Those are my main reasons for riding, and although the order of priority may shift from ride to ride, those Big Four reasons never really change.

Noticing anything missing from that list?



I don't have any interest in making the rides happen faster, nor easier, and I don't have a compelling interest in ranging farther or for longer than I already do.



So it shouldn't be any surprise that while I enjoyed the ride of this bike and was impressed by its capability and range, I don't currently have any interest in owning one myself.

There's nothing that I'm after when riding that would be made better with the addition of electric assist.

Put differently, I found that when riding with e-assist that I notice the birds, views, and smells along the way a lot less, I am less patient when riding, and I finish the ride in a less peaceful mental state than if I rode unassisted.

The patience thing is unbelievable. I've spent literal decades of my life learning to slow down and enjoy the moment, and everything happening within and attached to that moment.
Plunk me down on an e-bike and my left thumb instantly and constantly itches to toggle up to 'turbo' and get the whole thing over with quicker.



I'm grateful that I could experience this bike in this way, and thusly learn that I don't need to own one anytime soon.

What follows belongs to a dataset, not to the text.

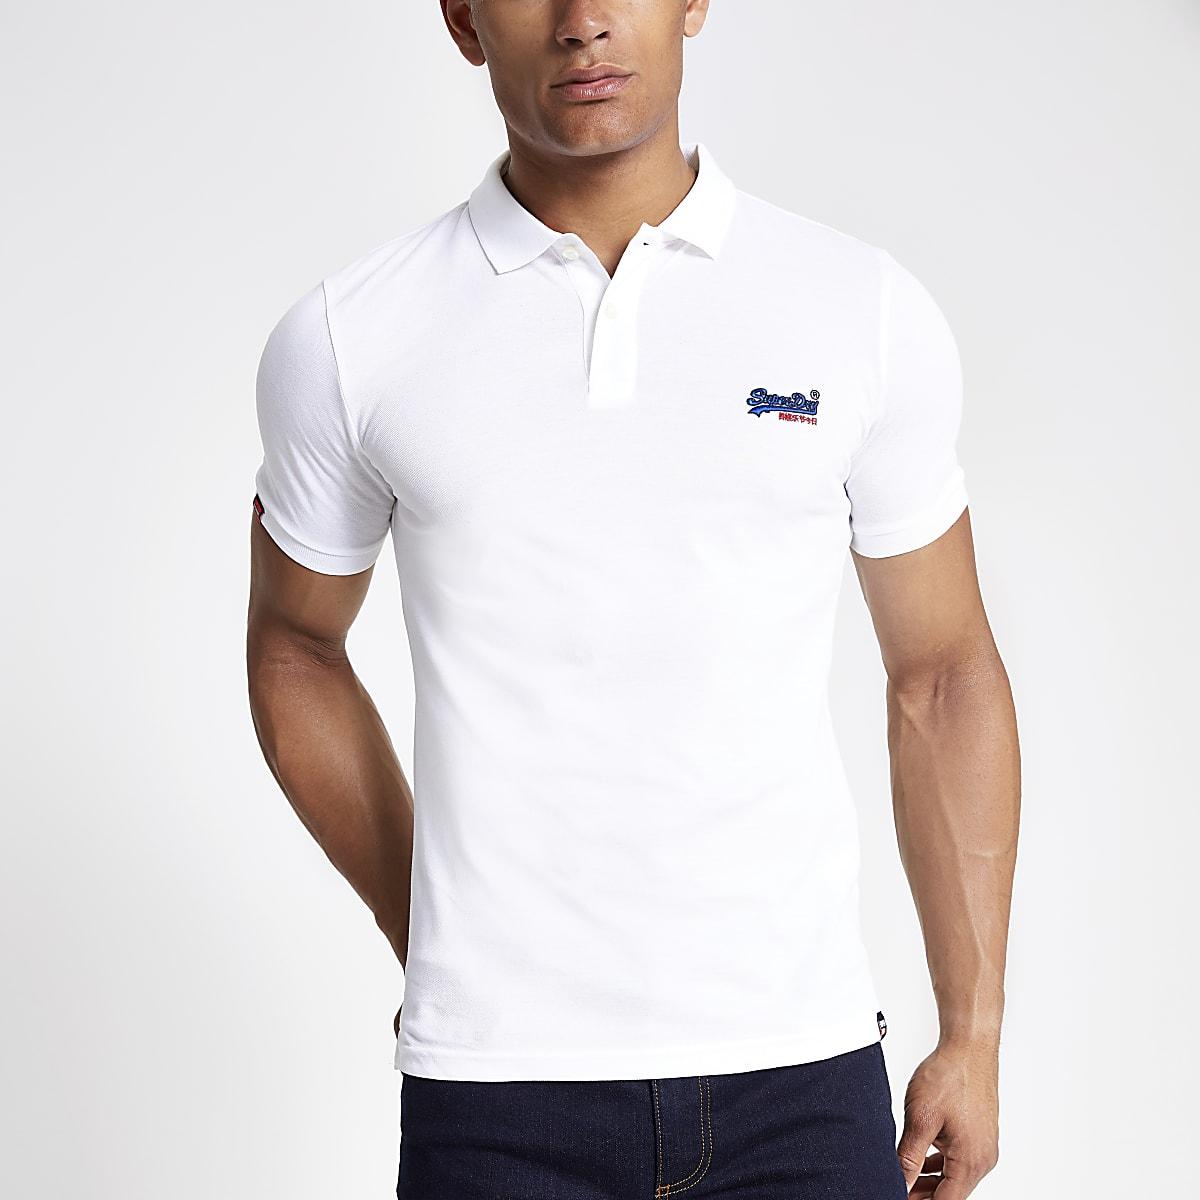 Superdry white polo shirt

That said? My body is going to pieces faster than I can keep up with, and a few years from now the calculus may have shifted enough that E-assist is not only desirable but necessary.

You never know...

Thanks for checkin' in.​


----------



## the mayor (Nov 18, 2004)

Well said.
Pretty much my findings too.
Both the e-bike....and the aging body.
At 64...and falling off 2 wheeled things for 60 of those years....makes me think the Lenz I just bought may be my last non E purchase. And hopefully e-bikes will have refined all the more in that time.
Only time will tell.


----------



## 2xPneu (Jan 26, 2004)

Horses for courses.


----------



## DtEW (Jun 14, 2004)

Credit needs to be given for going out and experiencing one to learn firsthand what they are and what they aren't. They don't need to be for everyone. And as you noted, you may eventually grow to want one alone or to complement nonelectric bikes at a different point in time.

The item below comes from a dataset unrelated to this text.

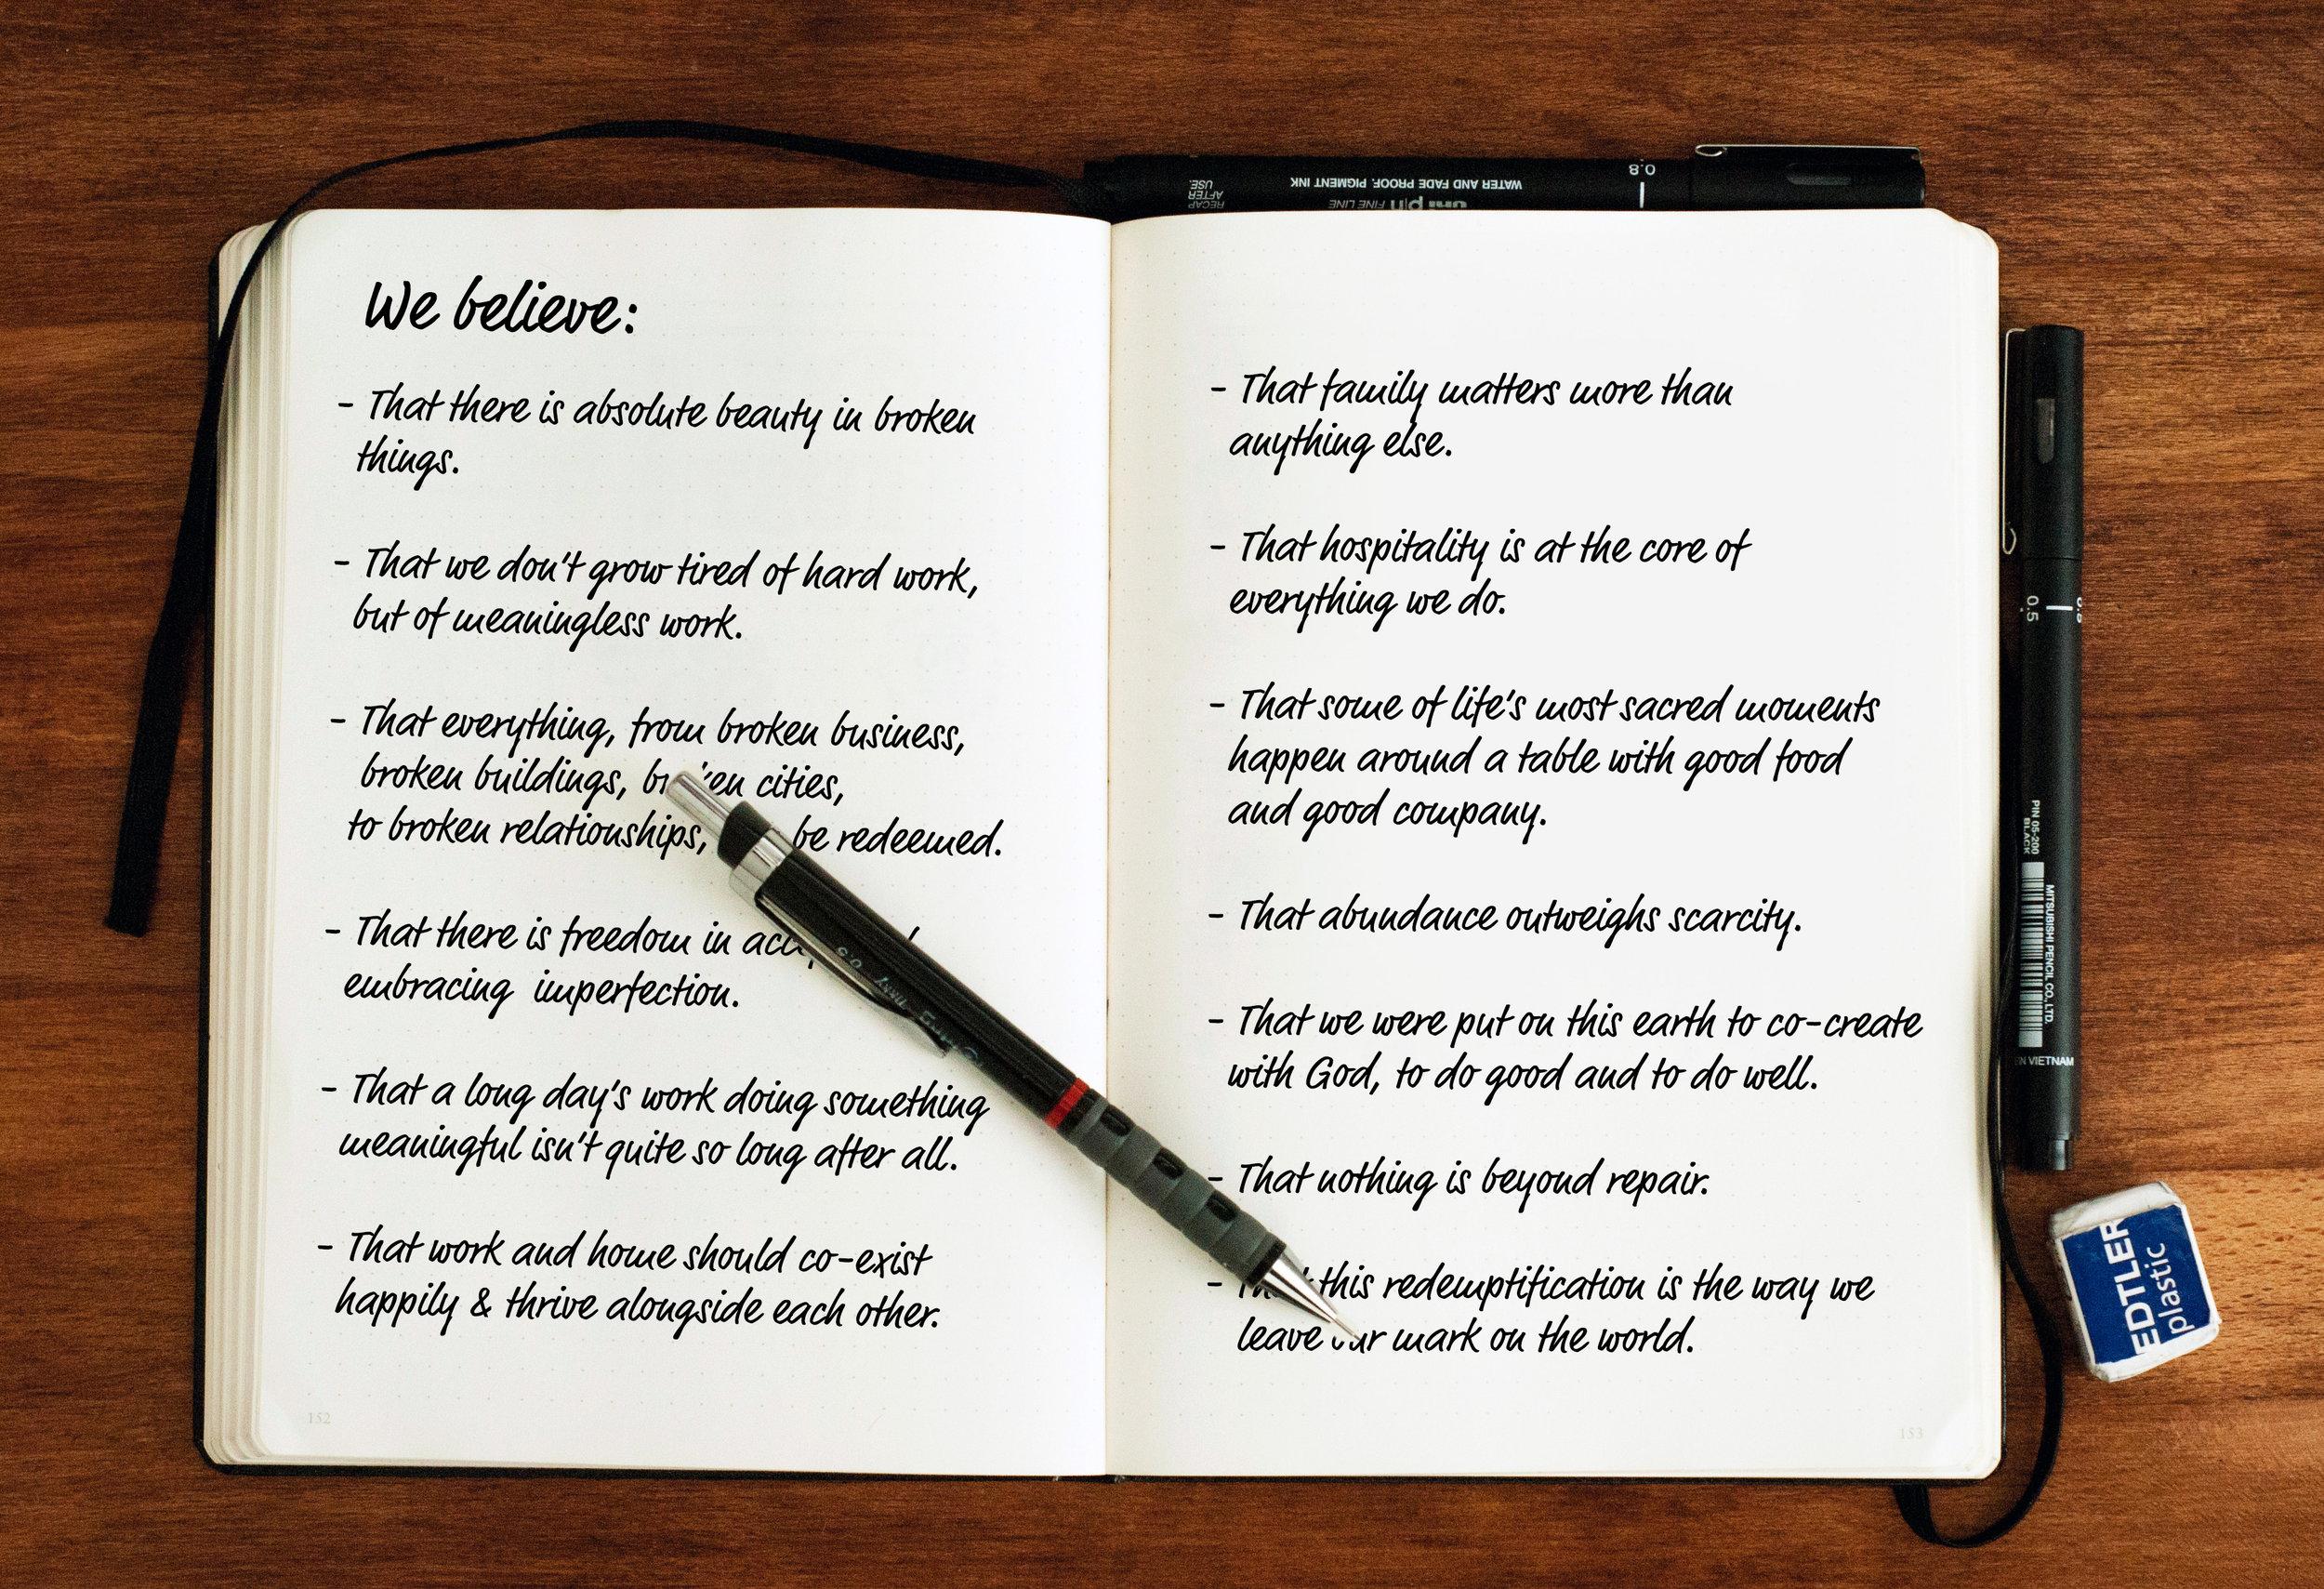 manifesto_notebook image.jpg

If more riders just simply went out and did what you did, while they might not become instant converts, they will learn they're not the threats that some try to make them out to be. They're not exactly MTBs, but neither are they that different... and share many of the same constraints and manner-of-use. Any overall difference in trail impact between the two groups pales in comparison to the range of trail impact within each group (eg. average trail rider vs. Strava endurobro). Anybody who wants to categorize them with dirt bikes is either fully ignorant or disingenuous.


----------



## Sanchofula (Dec 30, 2007)

Thanks Mike, that was well put, and it mirrors my experience and my conclusions.

I’m old enough and I’ve ridden enough, that being in a hurry or trying to return to my glory days is just not that important to me.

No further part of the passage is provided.